> **Task details**: Would you output the listing exactly, with every image omitted?

> **Information provided**:

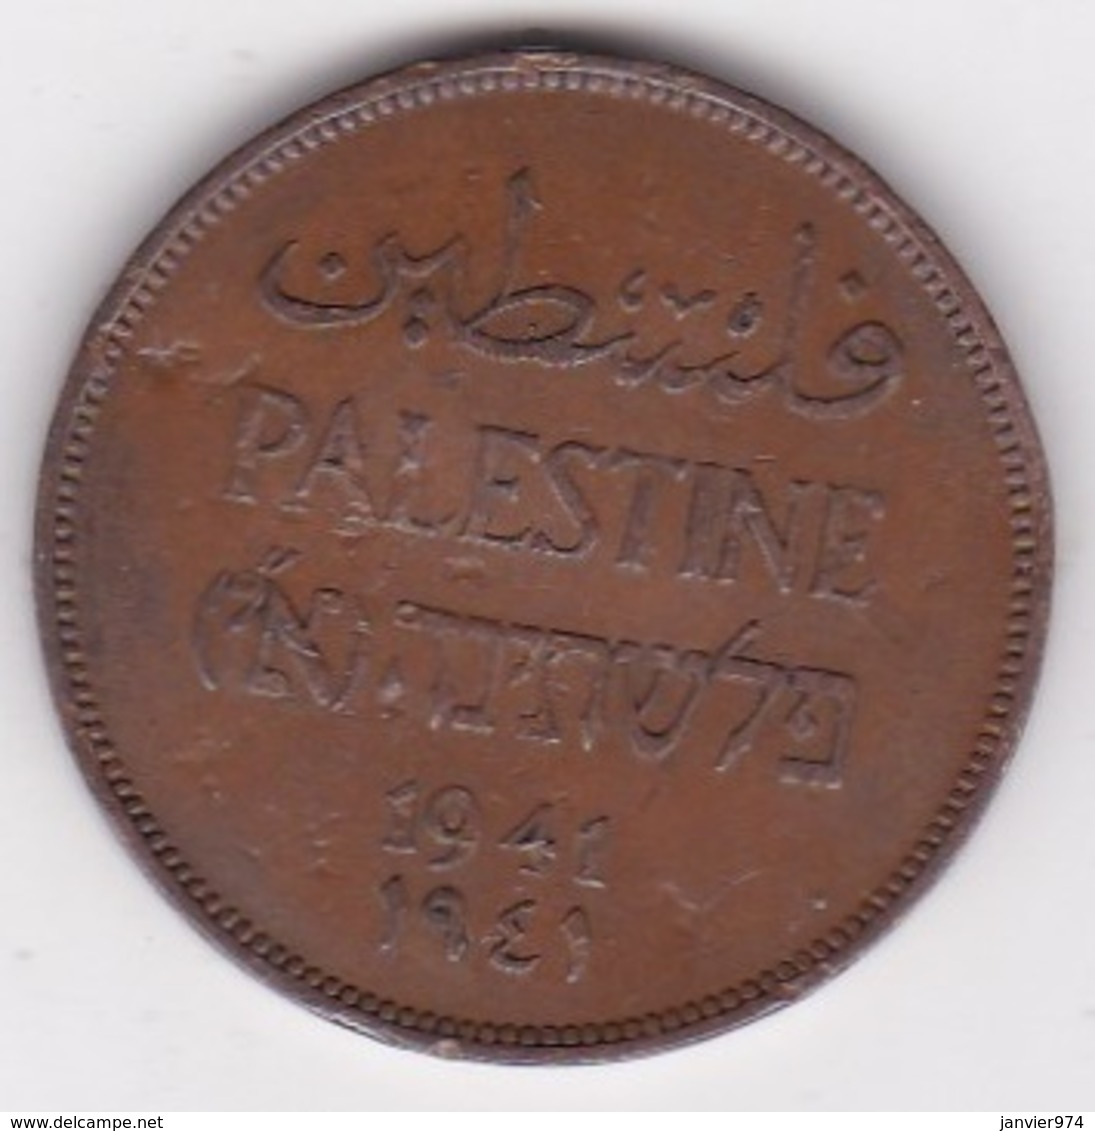 PALESTINE . 2 MILS 1941 .BRONZE - Israel
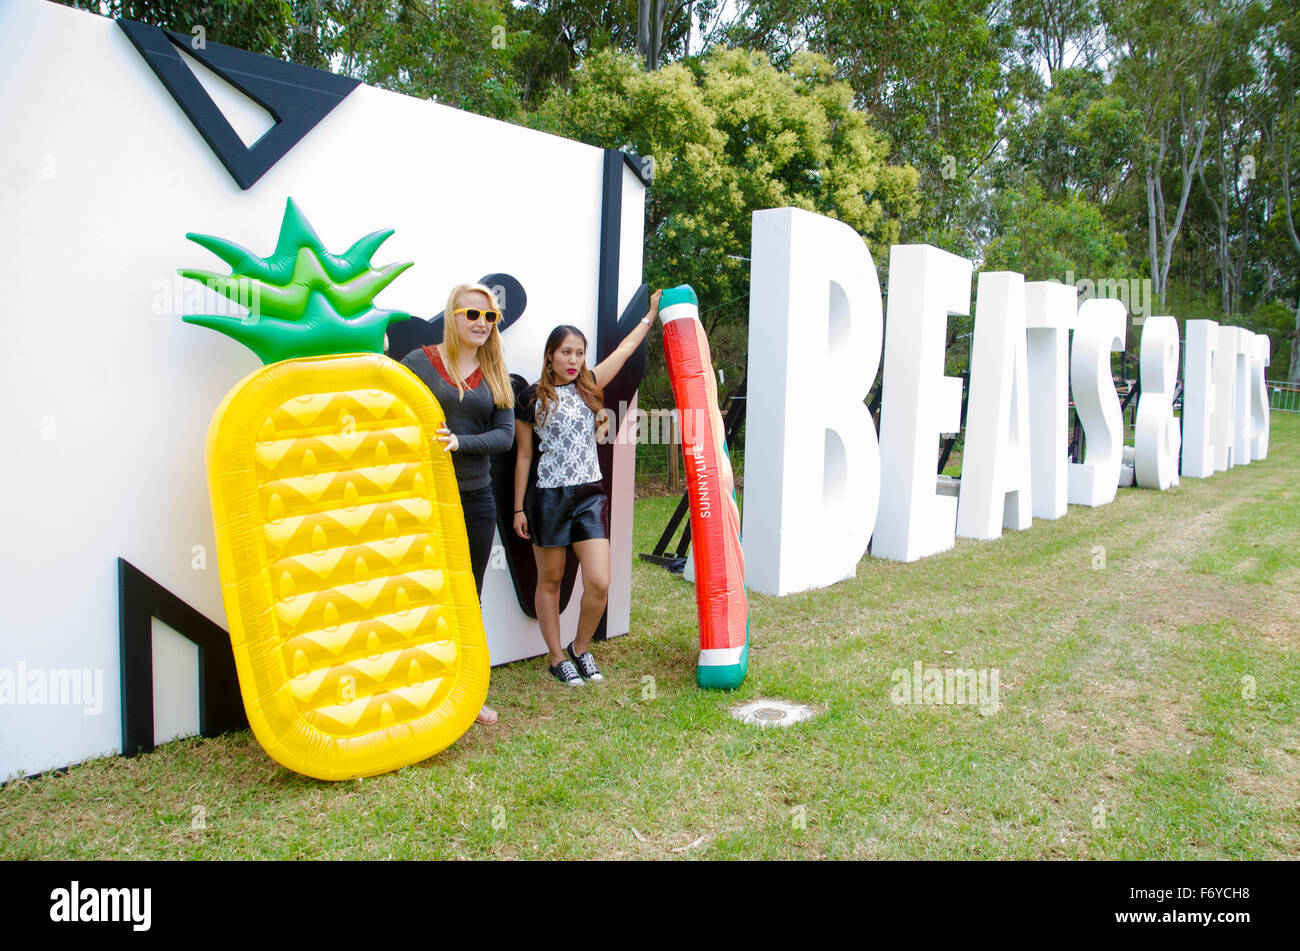 Sydney, Australia. 21 Novembre, 2015. MTV battiti e mangia Music Festival visualizzazione del logo. Il festival ha avuto luogo a Parramatta Park di Sydeny west. Credito: mjmediabox/Alamy Live News Foto Stock
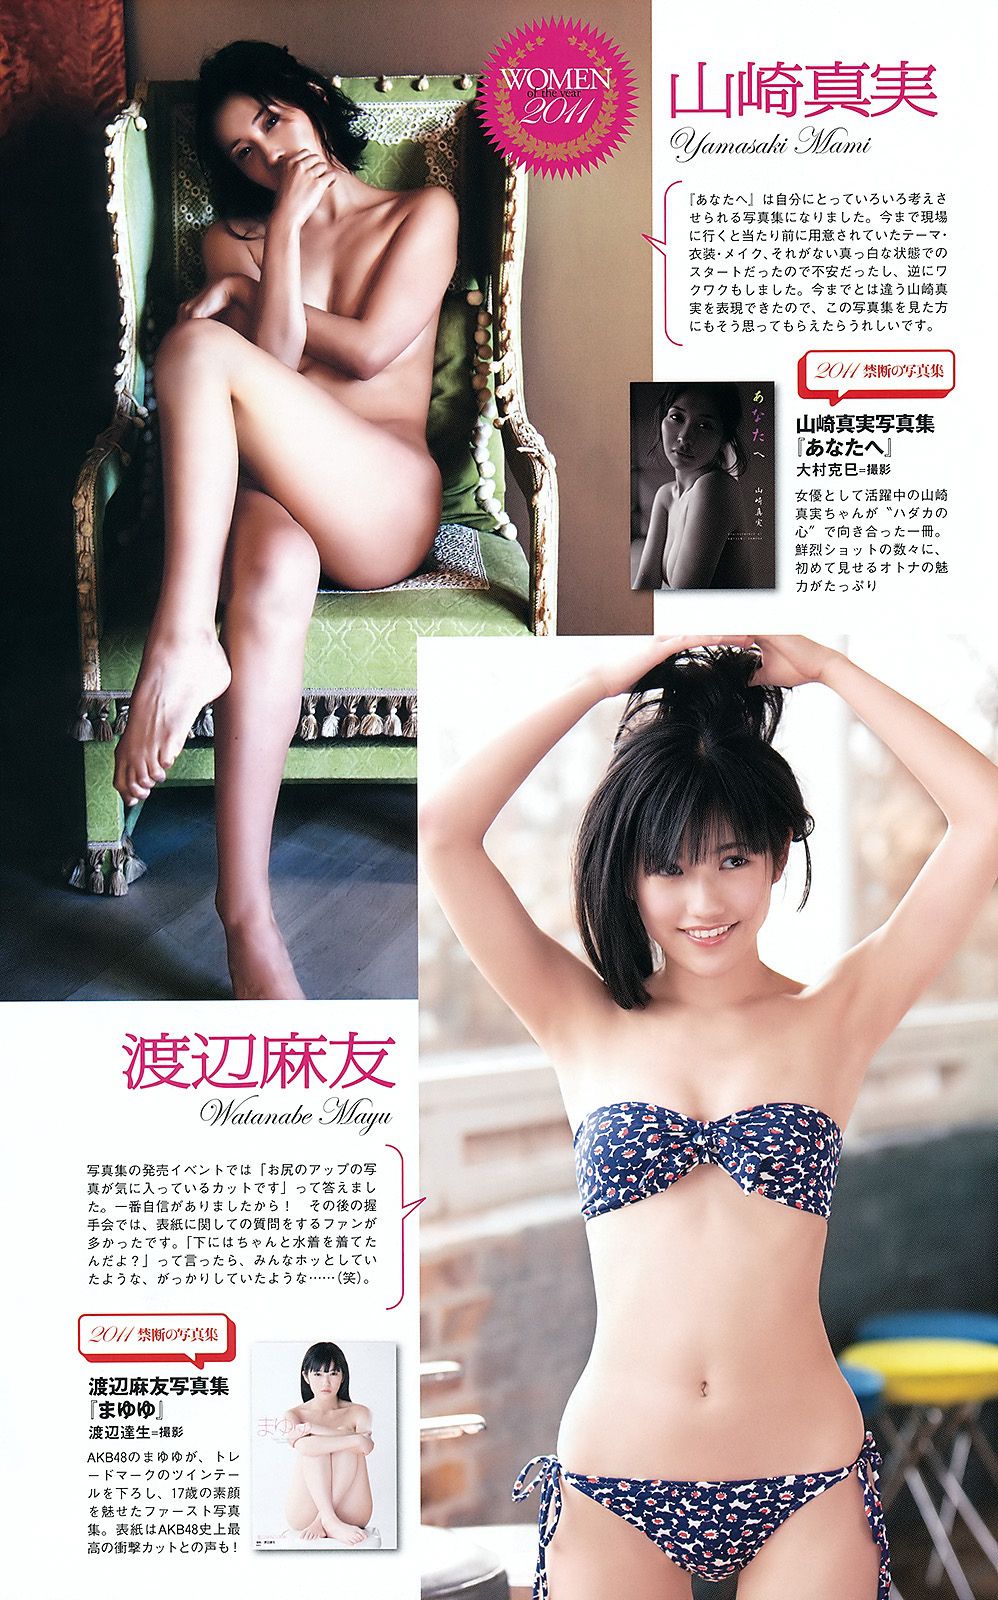 AKB48 Yumi Kobayashi Rurika Yokoyama Aiko Kaito Hiroko Sato Arisa Nishida [Weekly Playboy] 2012 No.01-02 Photograph

> **Solution**:
 PALESTINE . 2 MILS 1941 .BRONZE - Israel
 Sydney, Australia. 21 Novembre, 2015. MTV battiti e mangia Music Festival visualizzazione del logo. Il festival ha avuto luogo a Parramatta Park di Sydeny west. Credito: mjmediabox/Alamy Live News Foto Stock
 AKB48 Yumi Kobayashi Rurika Yokoyama Aiko Kaito Hiroko Sato Arisa Nishida [Weekly Playboy] 2012 No.01-02 Photograph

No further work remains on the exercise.